Parameters of Ca and Ph were elevated in CIA rats on day 7, and their reduction in all treatment groups on day 21. The level of Ca significantly decreased dose-dependent manner for all BV-NEs and BV control at the end of treatment. Therefore, BV could reduce the level of Ca and Ph after possible entry into the bloodstream, which was recently reported by Kang [34]. Also, in another study, the reducing effect of melittin of BV on Ca of the equine skeletal muscle has been shown [35] due to the interaction of melittin as a 26-residue peptide with Ca [36].
BV has an anti-inflammatory effect on pro-inflammatory cytokines and is expected to lower WBC and %Neu [19]. A decrease in the total number of WBCs at the end of treatment in all groups compared to day 7 is related to reducing inflammation in the animal. There are more reductions in the positive and BV controls, as well as BV-NEs in comparison with blank and negative control groups, due to BV's immunosuppressive effects [22]. After an increase of %Neu on day 7, it significantly decreased on day 21. The highest %Neu depletion was in the BV-NE-9.37 group. However, this difference was insignificant, and the %Neu did not return to the base level of day 0. In CIA rats treated with BV control and BV-NEs, WBC and the %Neu had diminished, which agrees with the study of formaldehyde-induced arthritis in male rats [22].

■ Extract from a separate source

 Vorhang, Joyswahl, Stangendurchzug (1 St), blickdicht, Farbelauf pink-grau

On the maximum inflammation day in the CIA rats, anemia could be seen as decreased blood levels of RBCs, Hb, and Hct [19]. After two weeks of treatment, significant changes were not seen by topical BV-NEs, but a dose-dependent increase was observed for BV-NEs (specially BV-NE-9.37 and BV-NE-18.75) about parameters of RBC, Hb, Hct, which could be due to BV improvement of circulation of blood in the micro blood vessels, as well as its role in the stimulation of building erythrocytes [37]. Indices of RBCs, including MCV, MCH, MCHC, and RDW, help elucidate the etiology of anemias [38]. According to the study, there were no crucial changes in these indices on days 7 and 21 which seems that they were less affected by inflammation of CIA and treatment of BV-NEs.

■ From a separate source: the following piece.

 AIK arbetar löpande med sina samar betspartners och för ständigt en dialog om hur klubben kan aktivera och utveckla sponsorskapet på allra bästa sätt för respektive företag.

Plts have increased on days 7 and 21; however, these changes were insignificant. An increase of Plts on maximum inflammation day and at the end of treatment in the groups indicates inflammation in RA's early and secondary stages [33]. The critical role of Plts is known in inflammation and immune responses. They actively participate in leukocyte recruitment, especially neutrophils, and host defense regulation in response to exogenous pathogens. This increase in Plts can also be due to the significant effect of cytokines, especially IL-6, which affects the maturation of generated cells of Plts and causes increased production of Plts [39].